Nothing but the lines from the one holding "Foto 4 : Duplex/triplex" through the last line of the material below should be set down, exactly and without images.

§ **PROVIDED DATA**:
○ ○ ○ ○ ○ ○ ○
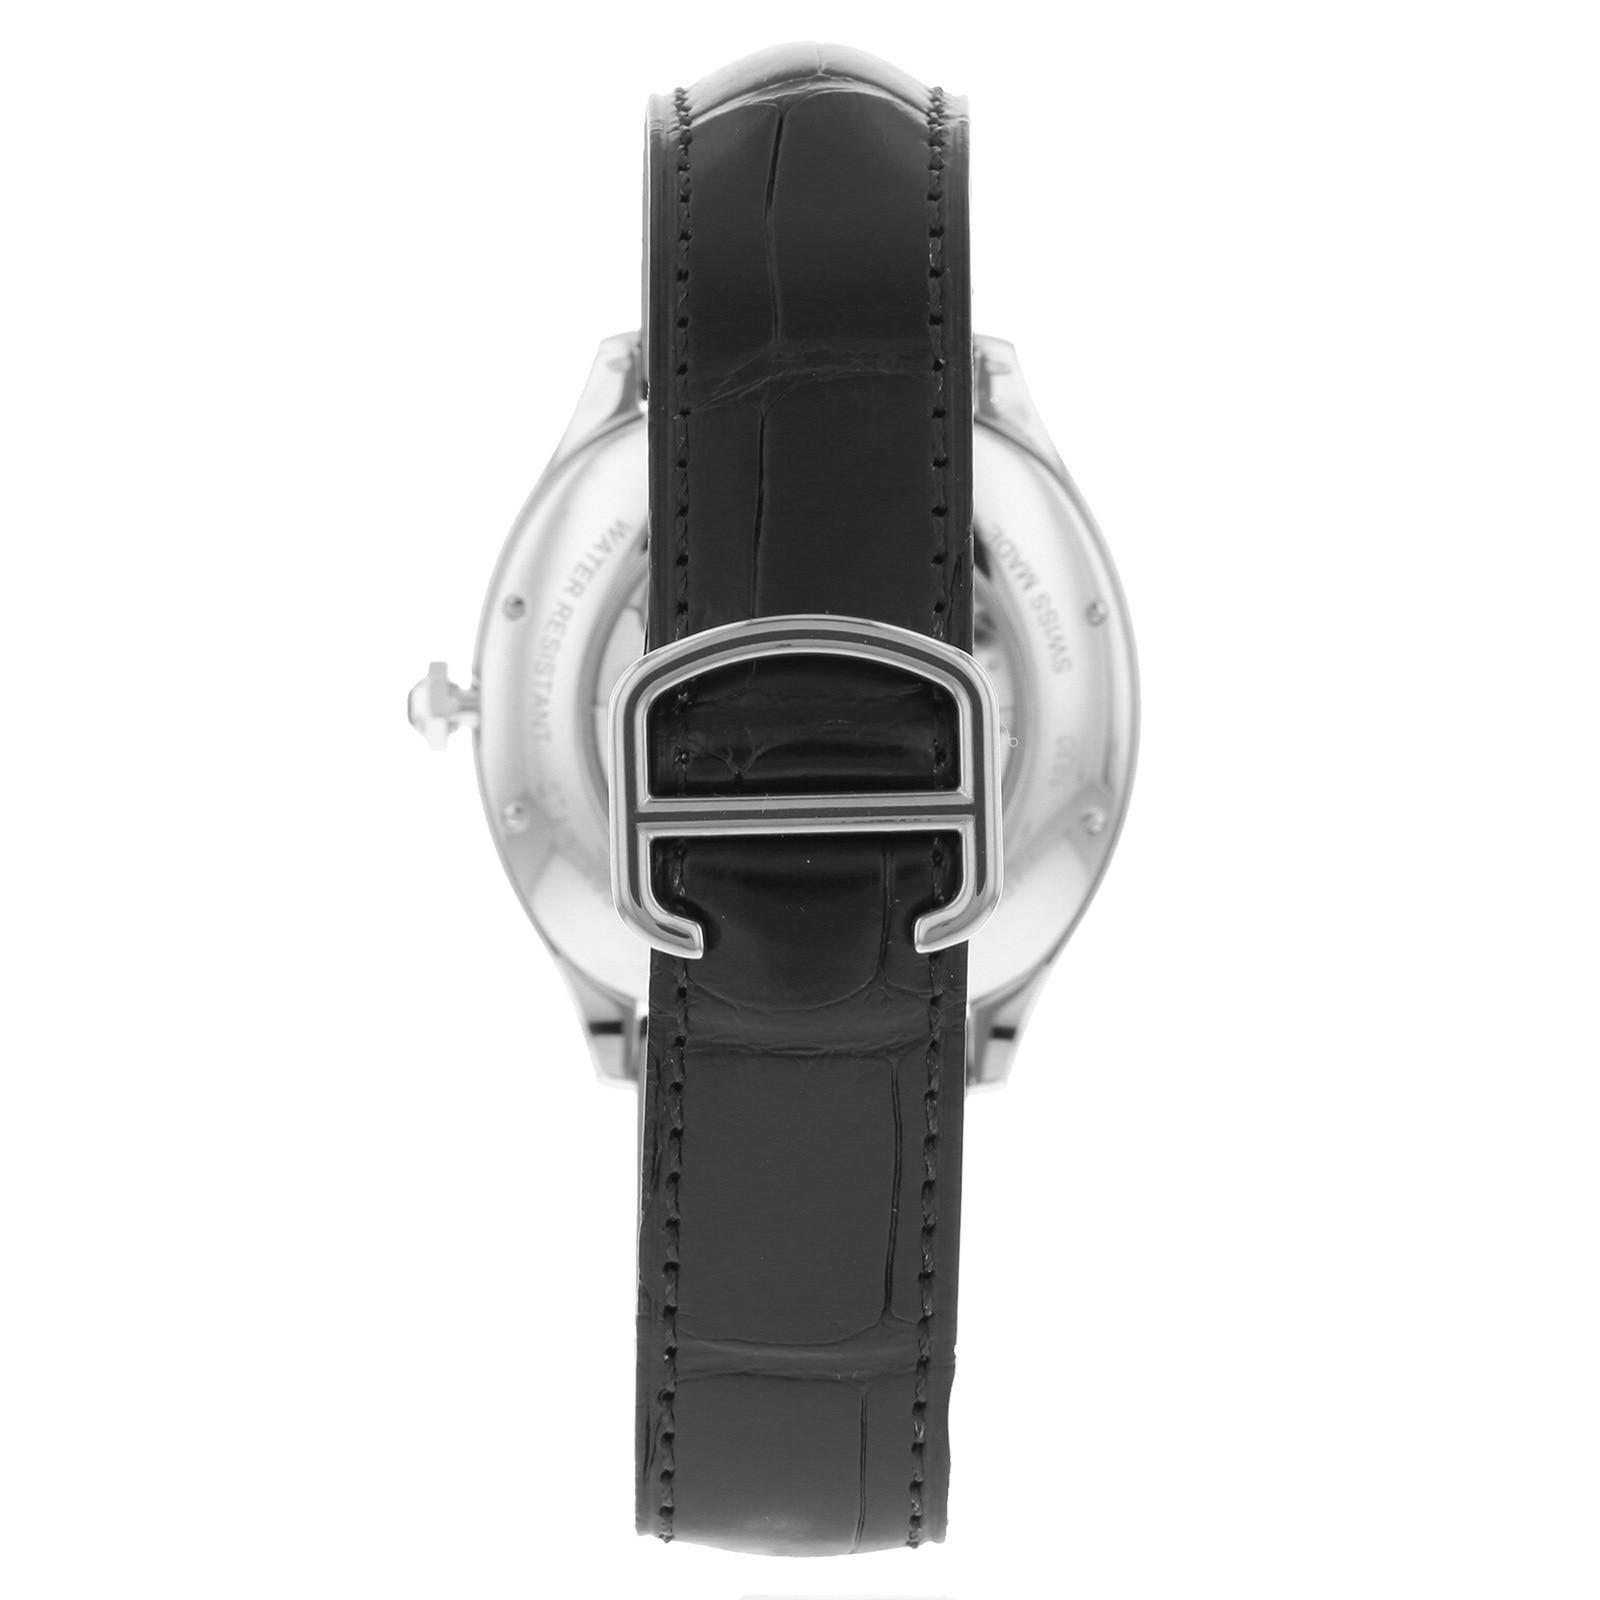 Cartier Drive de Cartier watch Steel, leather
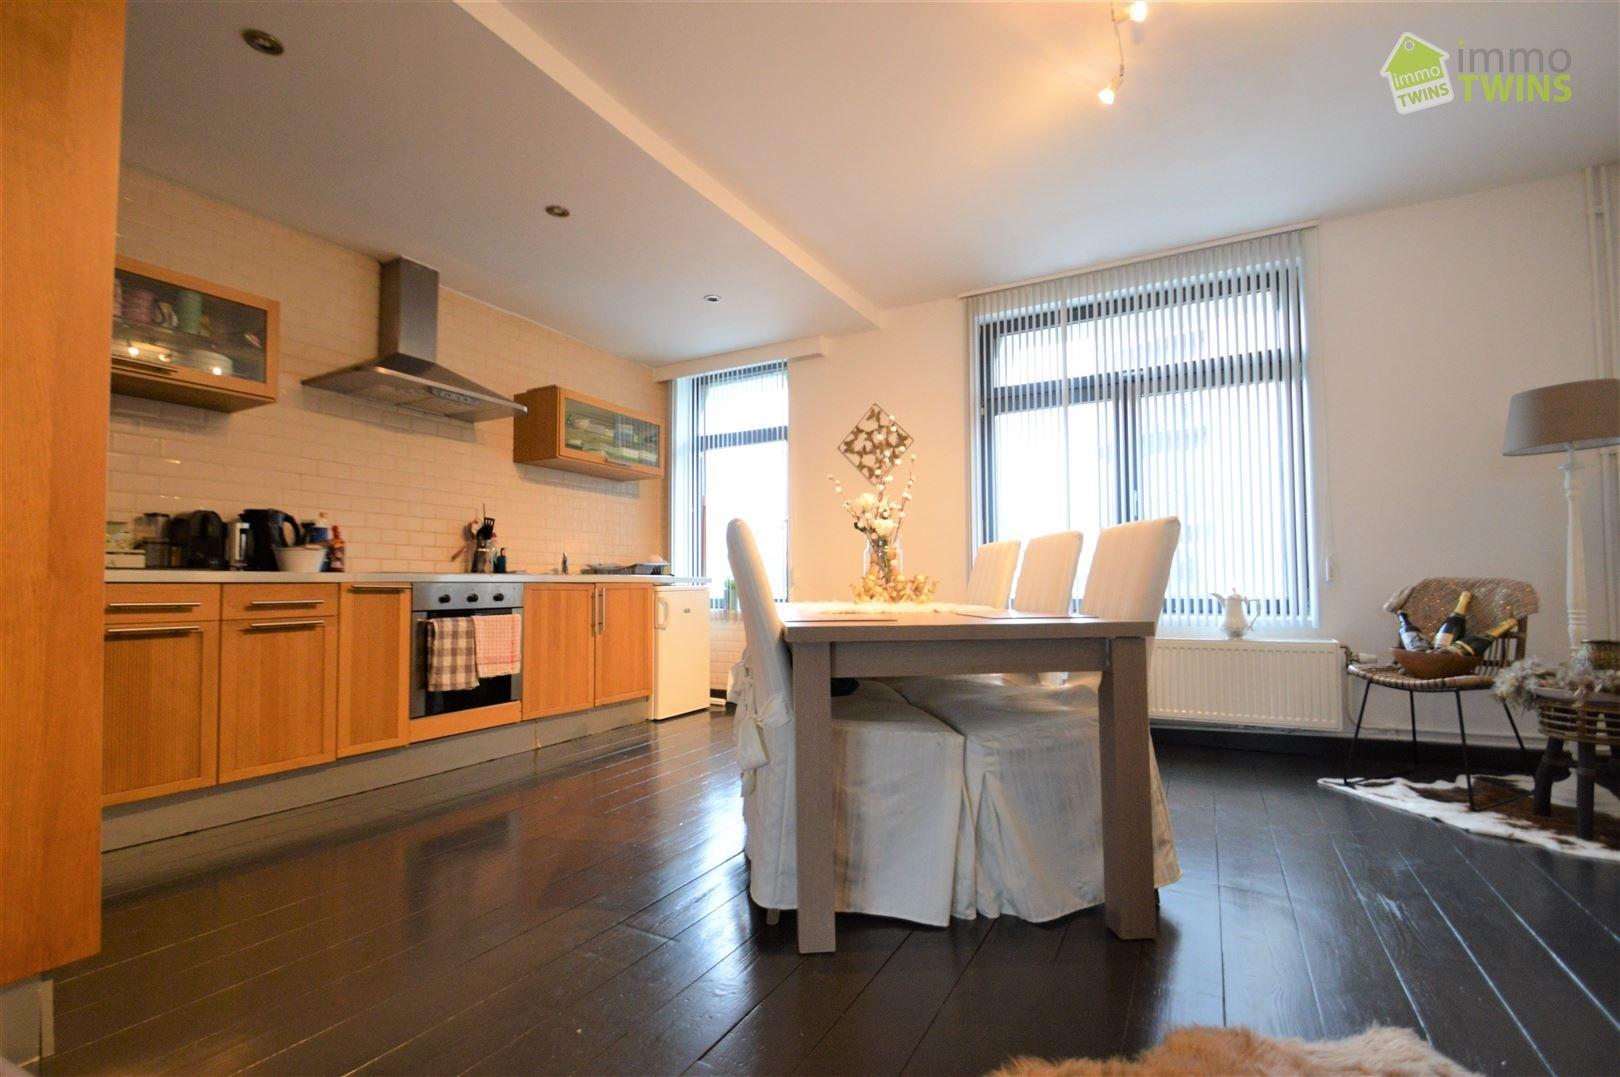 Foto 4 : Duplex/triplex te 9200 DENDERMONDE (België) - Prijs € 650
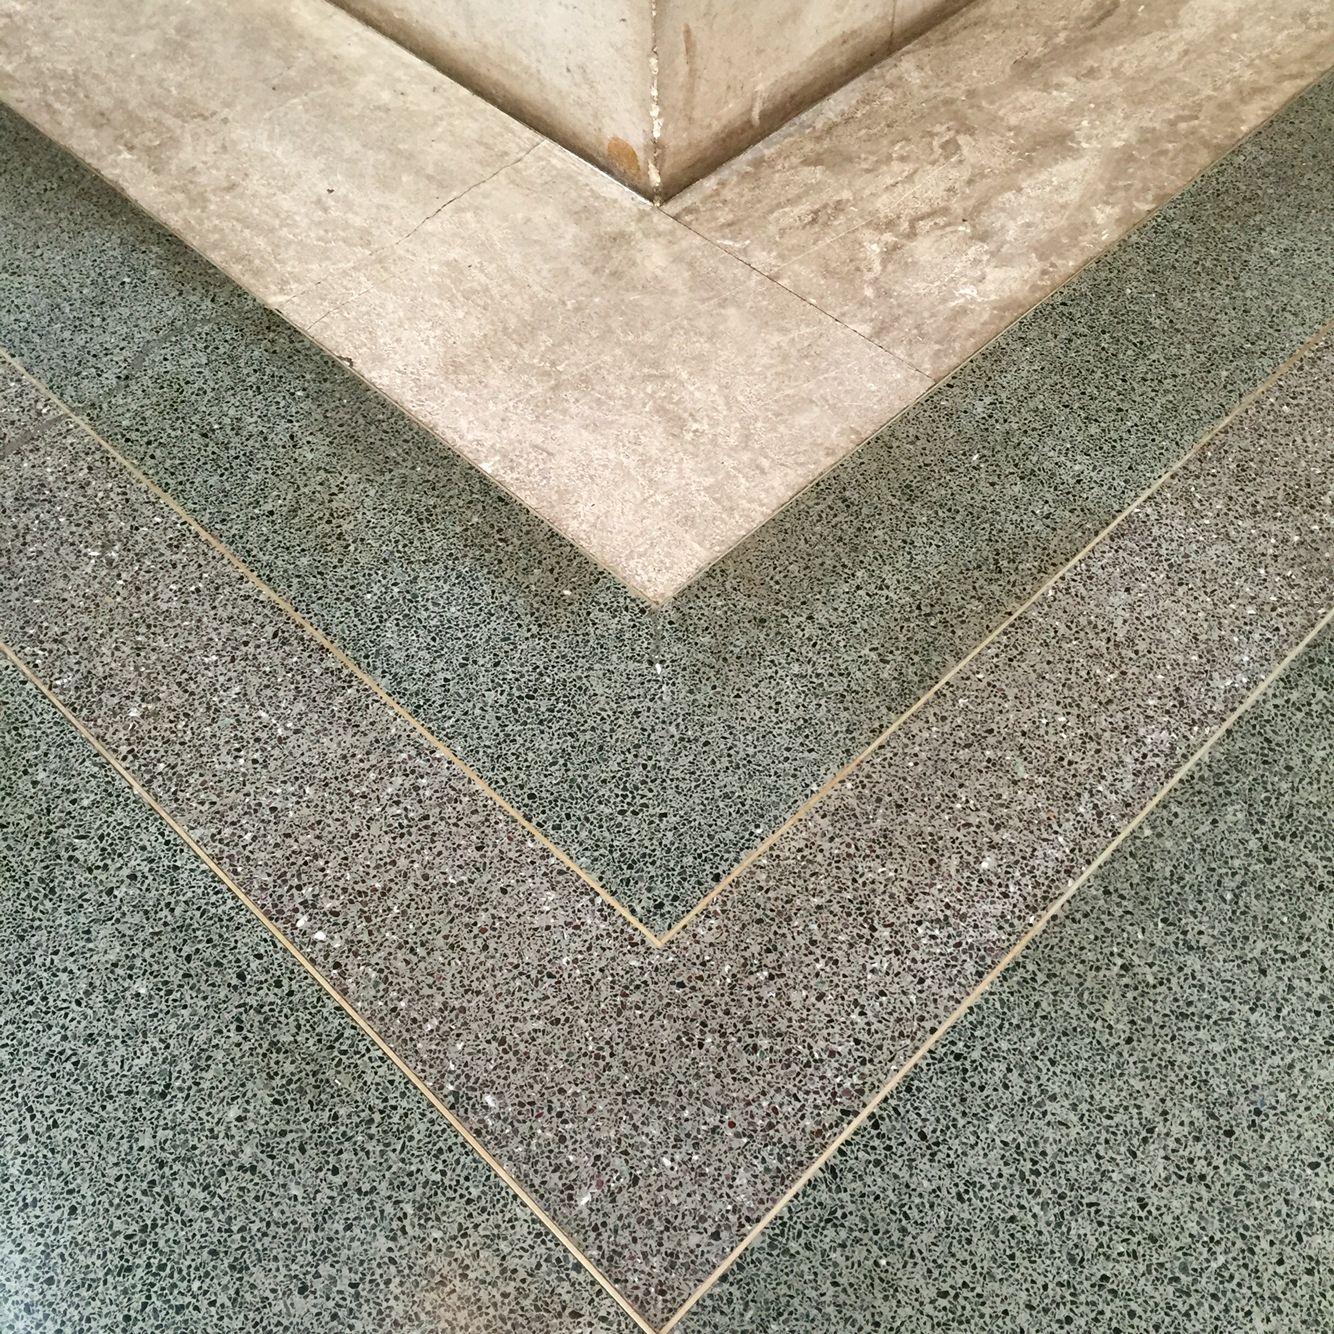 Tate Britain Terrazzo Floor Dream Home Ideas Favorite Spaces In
○ ○ ○ ○ ○ ○ ○
§ **ANSWER SECTION**:
 Foto 4 : Duplex/triplex te 9200 DENDERMONDE (België) - Prijs € 650
 Tate Britain Terrazzo Floor Dream Home Ideas Favorite Spaces In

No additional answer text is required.